**WHAT TO WORK ON**
Please leave out pictures and print exactly the lines from the one that has "Anime Scenery Background" through the last line of the material below.

**DATASET EXTRACT**
·····

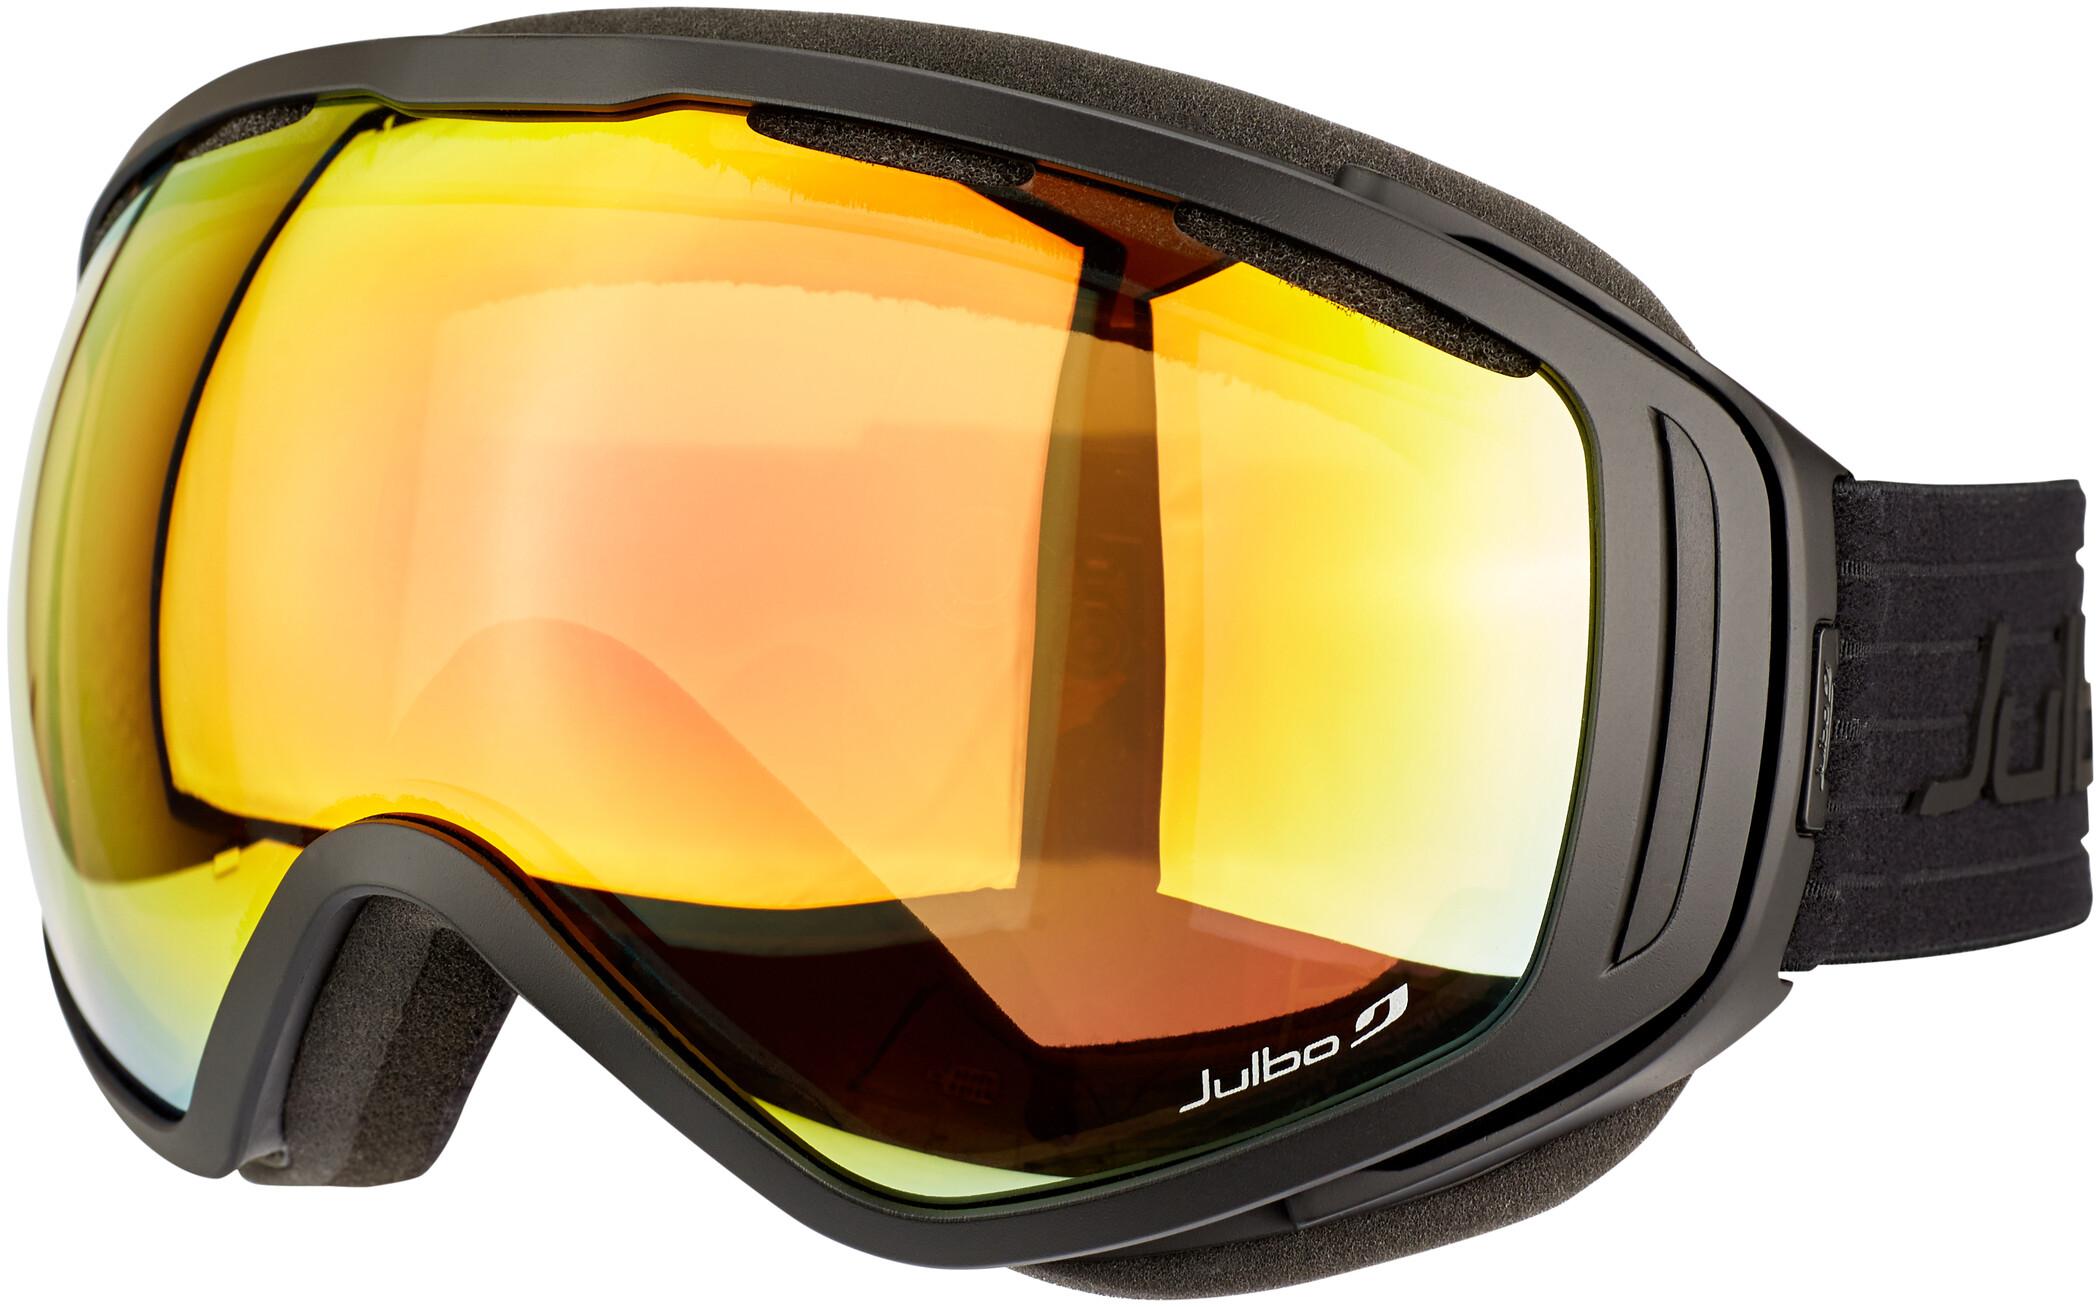 b1fa50d50b Julbo_Titan_OTG_Multilayer_Fire_Black_Snow_Tiger_Multilayer_Fire.jpg
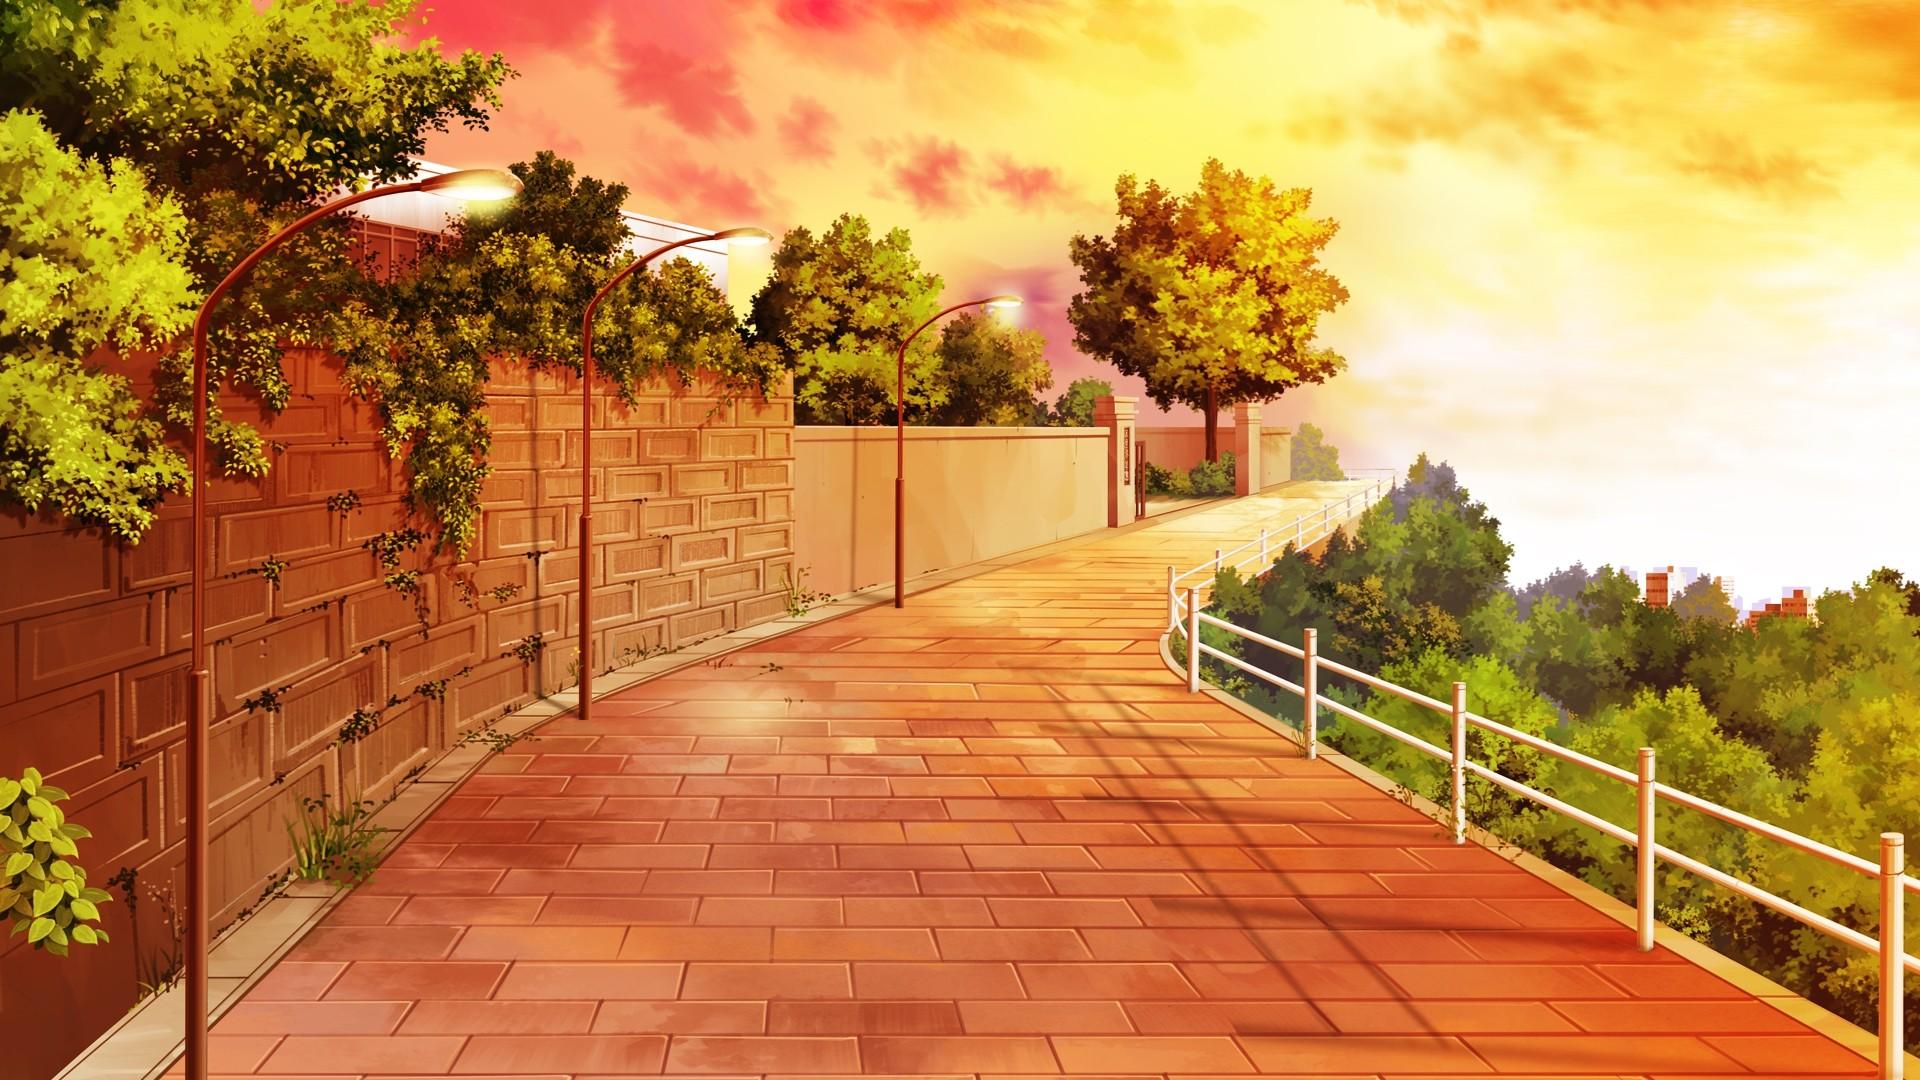 Anime Scenery Background
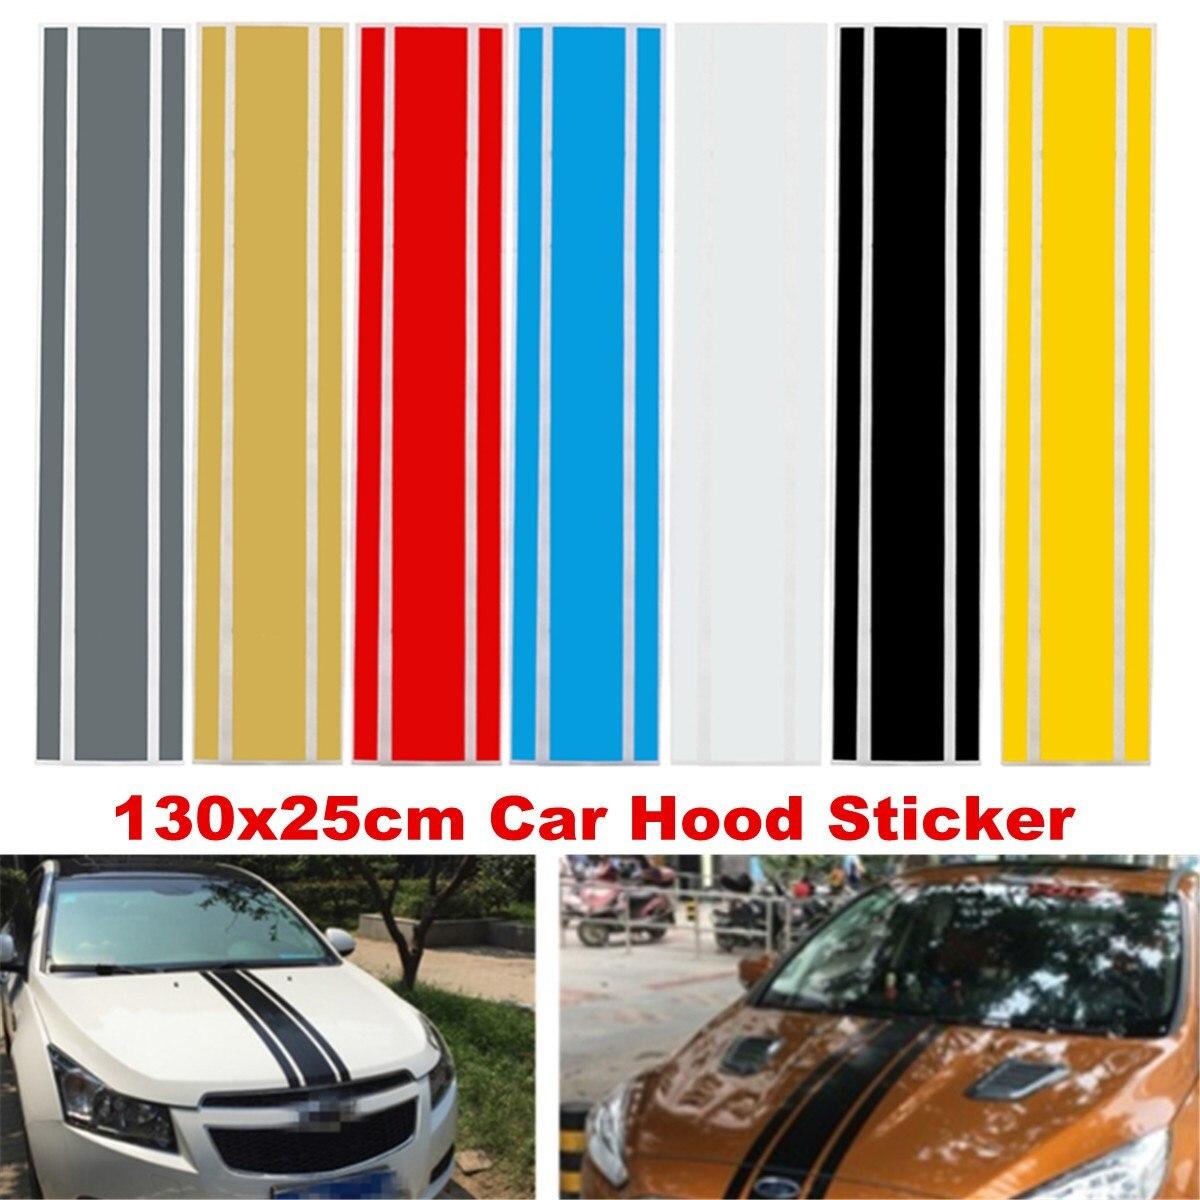 Car-Styling Decal Sticker Auto Motorcycle SUV Hood Engine Cover Vinyl DIY Decor Stripe Emblem Bandage Auto Accessories

·····

**COMPLETED EXERCISE**
 Anime Scenery Background
 Car-Styling Decal Sticker Auto Motorcycle SUV Hood Engine Cover Vinyl DIY Decor Stripe Emblem Bandage Auto Accessories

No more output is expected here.